- [Exercise brief] Which lines below fall between the one containing "Bellflowers Rezzonico Chandelier" and the one containing "Entirely handmade of"? Repeat them exactly, counting both of those lines, and add nothing else.

- [Supplied data]
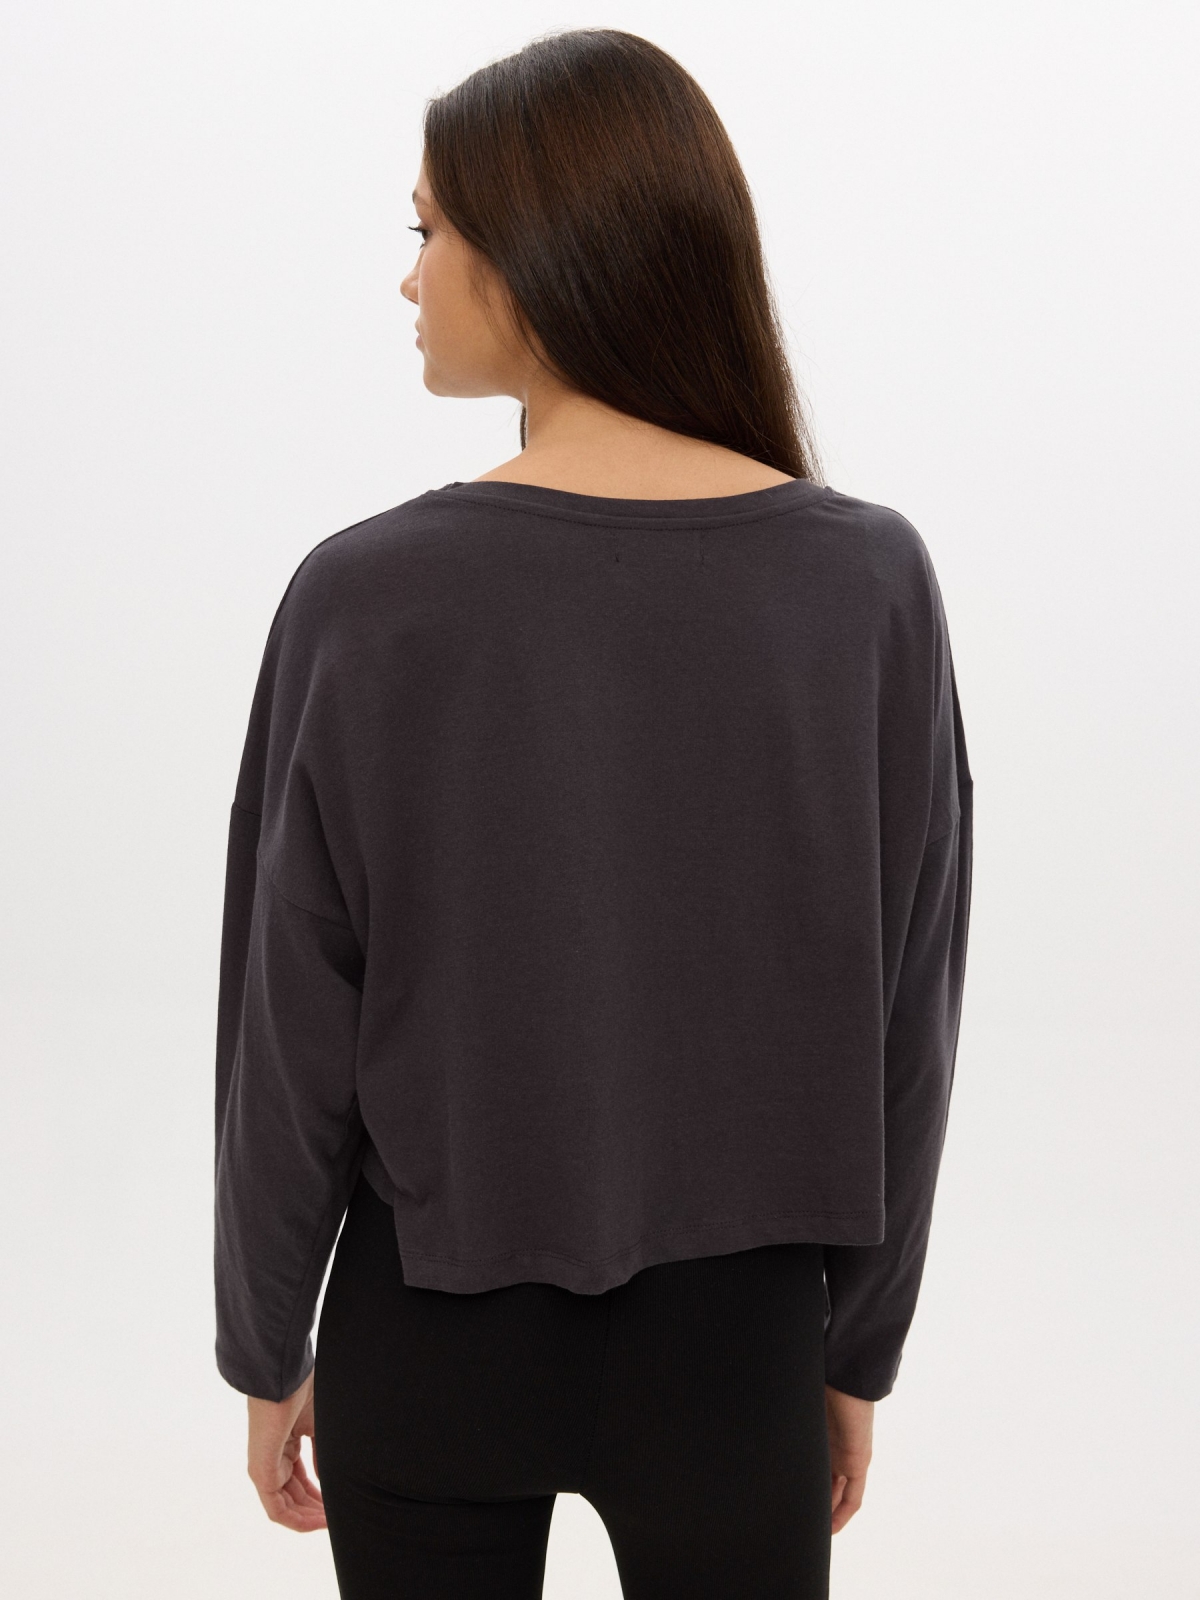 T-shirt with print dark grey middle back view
...
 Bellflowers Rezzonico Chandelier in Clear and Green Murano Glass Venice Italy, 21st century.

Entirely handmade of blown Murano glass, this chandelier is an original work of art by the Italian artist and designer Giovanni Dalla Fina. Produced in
--
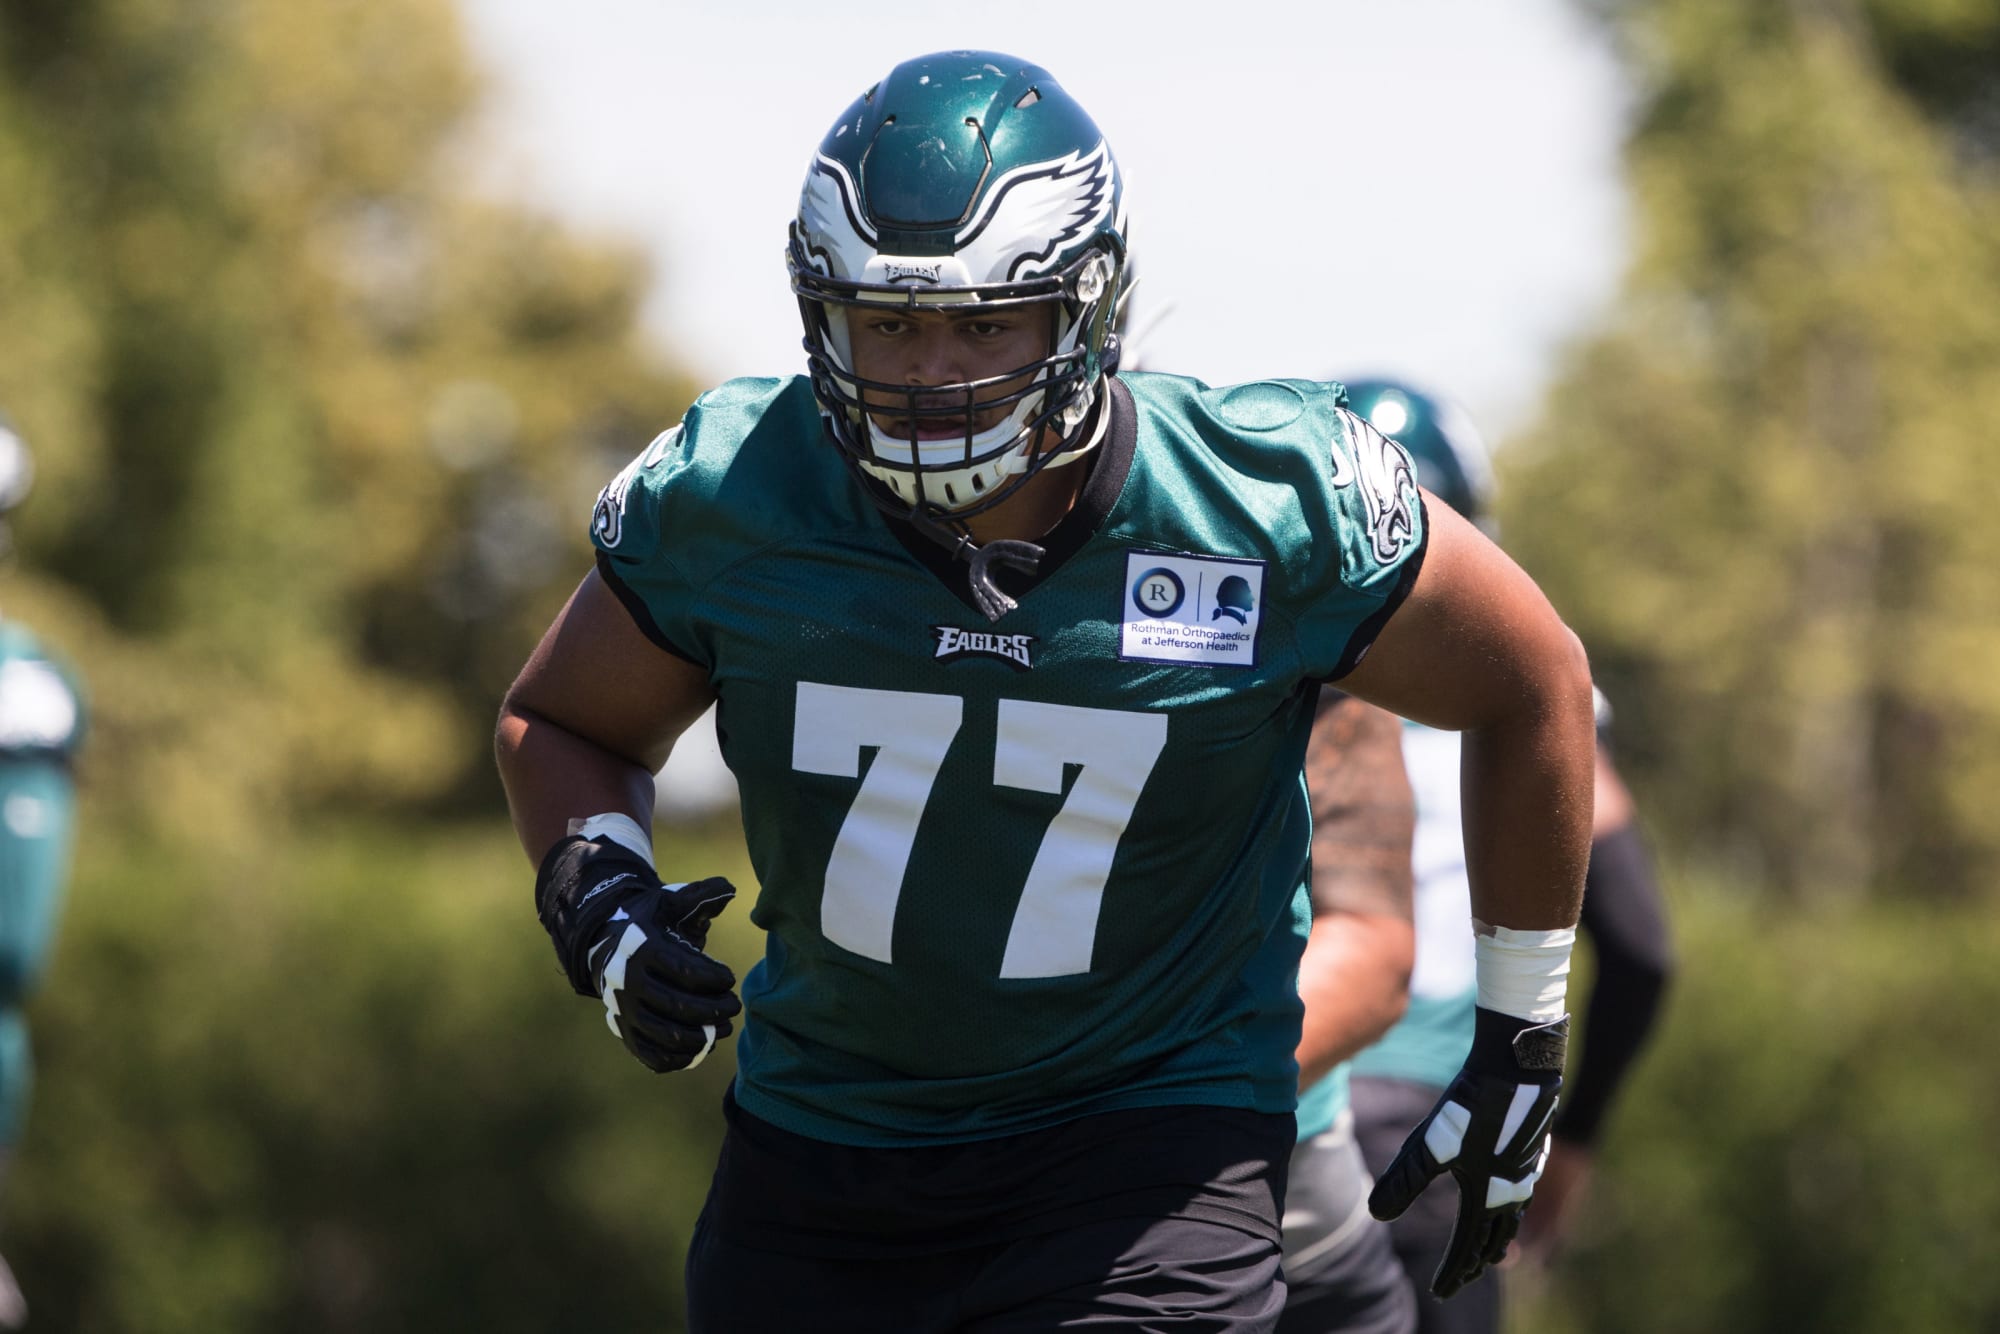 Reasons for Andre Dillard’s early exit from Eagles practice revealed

- [Solved problem]
 Bellflowers Rezzonico Chandelier in Clear and Green Murano Glass Venice Italy, 21st century.

Entirely handmade of blown Murano glass, this chandelier is an original work of art by the Italian artist and designer Giovanni Dalla Fina. Produced in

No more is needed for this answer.